Federal loans are also easier to qualify for, so if you have bad credit (or no credit at all), they can also be a smart choice. 

When is a private student loan the best option?

Private student loans can be smart if you want to pick and choose your term, payment plan and interest rate type. With private loans, you can often choose between terms that range from five to 30 years or payments that are interest-only, flat fees or principal-and-interest combined. You can often pick between fixed and variable rates, too.

You might also consider private student loans if you or your cosigner have excellent credit. In this case, it's possible your interest rate may be lower on a private loan than a federal one.

Finally, if you have a cosigner and want them to have the option of being released in the future, you'll want to choose a private loan. Federal student loans don't allow for this.

"For a family that likes to have choices, wants a cosigner release option or has excellent credit to qualify for a lower rate, then a private loan can be a good option," Wang says.

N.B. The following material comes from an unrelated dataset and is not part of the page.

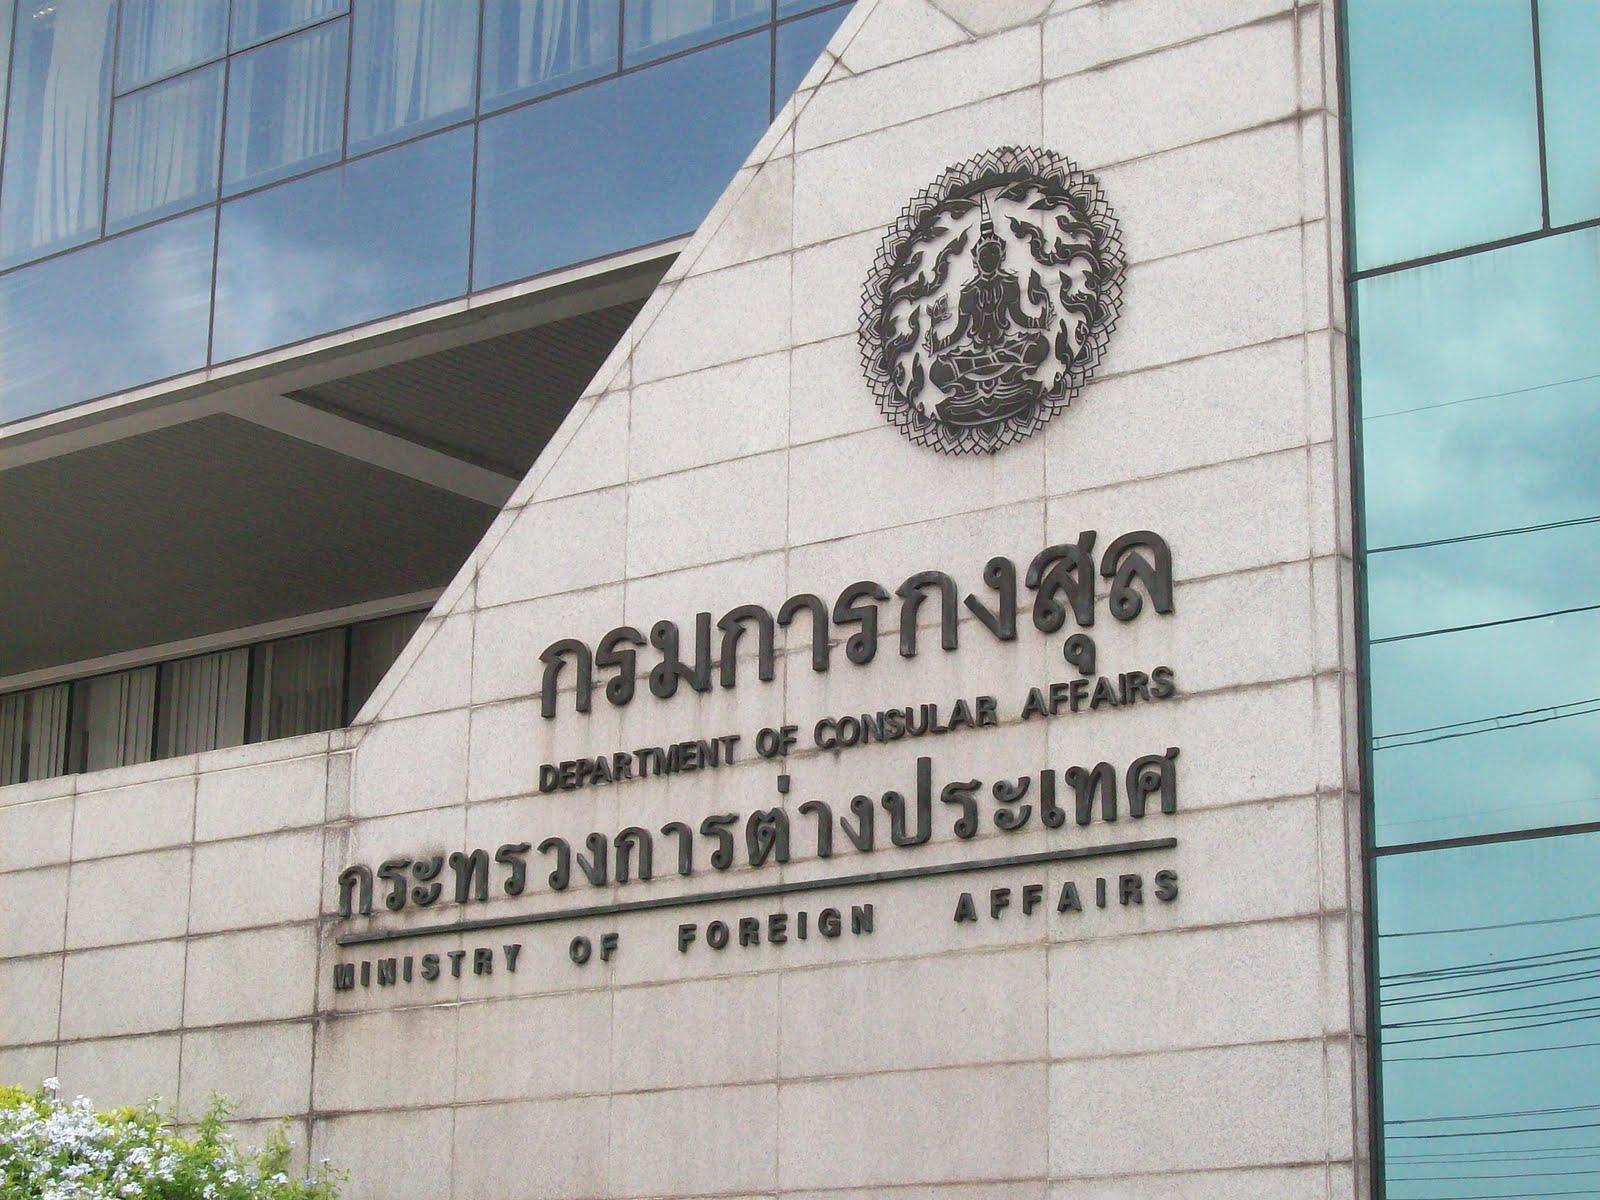 Thai Single Entry Business Visa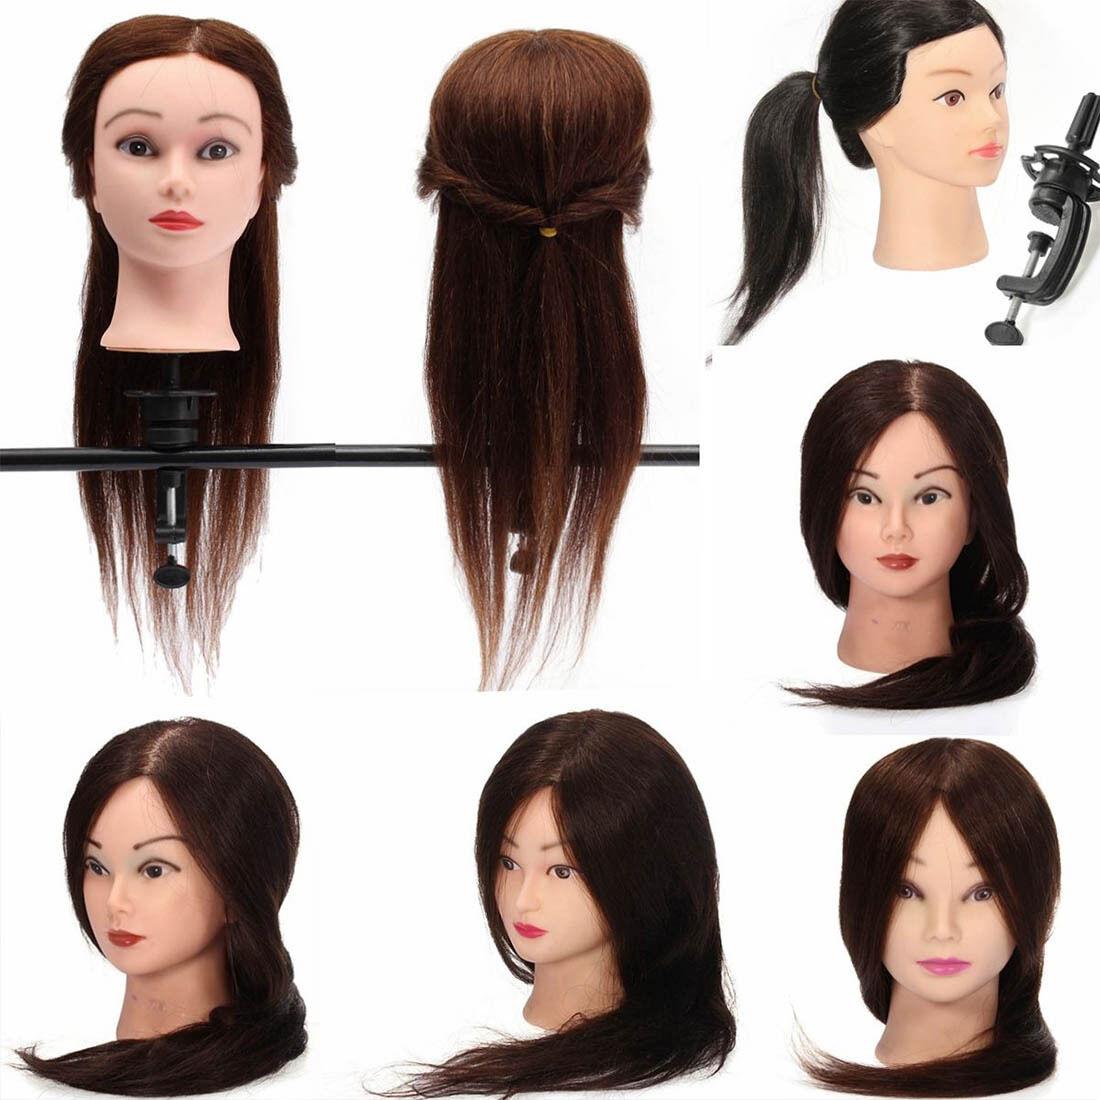 "Hair 24"" Salon Hairdressing Practice Training Head Manneq..."

When you might need both types of college loans

In many cases, you'll want a combination of both federal and private student loans — with the latter picking up the slack from the former. As Rubin explains, "The federal loans with the best borrower benefits — the Direct Stafford loans — have annual and aggregate loan limits, leaving students with financial aid gaps."

Private loans can be a good option for filling those gaps and covering the remaining costs of college.

If you do opt for this strategy, Rubin warns, "Always borrow responsibly. Understand your current debt, future earnings and ability to repay. Never borrow more than you need and be prepared to manage repayment once you finish your program."

Learn more about your student loan options here.

Talk to your financial aid office

If you're not sure which type of loan is right for your higher education costs, talk to your school's financial aid office. They can walk you through your options, the costs of each and their pros and cons.